#### [Goal of the exercise]
Produce word for word the lines of the data below running from the one that has "Ev Tipi Dar" to the one that has "Ruger Security-9 9mm Pistol – Guninpho com", inclusive, and no others.

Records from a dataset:
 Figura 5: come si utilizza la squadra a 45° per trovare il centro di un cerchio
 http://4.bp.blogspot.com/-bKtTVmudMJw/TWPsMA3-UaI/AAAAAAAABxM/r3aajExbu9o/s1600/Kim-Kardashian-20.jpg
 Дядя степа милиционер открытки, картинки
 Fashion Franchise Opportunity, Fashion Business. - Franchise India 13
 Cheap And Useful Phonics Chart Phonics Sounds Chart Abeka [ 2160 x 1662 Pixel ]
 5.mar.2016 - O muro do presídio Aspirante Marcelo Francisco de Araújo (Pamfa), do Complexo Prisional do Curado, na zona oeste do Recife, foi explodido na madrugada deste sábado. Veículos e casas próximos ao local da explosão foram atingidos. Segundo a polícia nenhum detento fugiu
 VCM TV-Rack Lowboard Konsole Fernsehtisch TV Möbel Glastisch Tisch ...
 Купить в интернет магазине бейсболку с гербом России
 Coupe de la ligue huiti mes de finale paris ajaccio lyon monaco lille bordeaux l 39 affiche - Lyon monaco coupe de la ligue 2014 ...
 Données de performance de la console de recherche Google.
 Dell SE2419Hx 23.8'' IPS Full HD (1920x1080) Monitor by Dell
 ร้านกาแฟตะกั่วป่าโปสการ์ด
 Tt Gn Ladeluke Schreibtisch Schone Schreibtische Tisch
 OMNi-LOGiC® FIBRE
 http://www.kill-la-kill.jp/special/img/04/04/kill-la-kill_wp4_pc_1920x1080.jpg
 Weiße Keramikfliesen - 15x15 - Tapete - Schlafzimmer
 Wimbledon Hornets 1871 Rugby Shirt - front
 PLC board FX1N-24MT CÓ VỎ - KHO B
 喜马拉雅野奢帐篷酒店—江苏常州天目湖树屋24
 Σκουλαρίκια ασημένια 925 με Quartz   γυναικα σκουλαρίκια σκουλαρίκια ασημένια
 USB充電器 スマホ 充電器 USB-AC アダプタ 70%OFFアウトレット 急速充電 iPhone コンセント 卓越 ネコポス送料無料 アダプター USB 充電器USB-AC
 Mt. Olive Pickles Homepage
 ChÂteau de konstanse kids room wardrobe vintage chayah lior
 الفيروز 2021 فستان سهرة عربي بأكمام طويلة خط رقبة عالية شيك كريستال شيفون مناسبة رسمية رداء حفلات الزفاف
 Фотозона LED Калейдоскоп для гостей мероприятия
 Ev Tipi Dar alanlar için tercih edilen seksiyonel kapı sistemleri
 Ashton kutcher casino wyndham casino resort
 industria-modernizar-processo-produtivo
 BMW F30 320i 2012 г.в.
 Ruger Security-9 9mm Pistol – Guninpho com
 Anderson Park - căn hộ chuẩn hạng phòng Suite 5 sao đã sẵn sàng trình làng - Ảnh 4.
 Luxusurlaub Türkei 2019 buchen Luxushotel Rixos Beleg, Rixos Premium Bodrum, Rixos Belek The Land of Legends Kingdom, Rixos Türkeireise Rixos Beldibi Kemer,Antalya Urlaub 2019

#### [Task result]
 Ev Tipi Dar alanlar için tercih edilen seksiyonel kapı sistemleri
 Ashton kutcher casino wyndham casino resort
 industria-modernizar-processo-produtivo
 BMW F30 320i 2012 г.в.
 Ruger Security-9 9mm Pistol – Guninpho com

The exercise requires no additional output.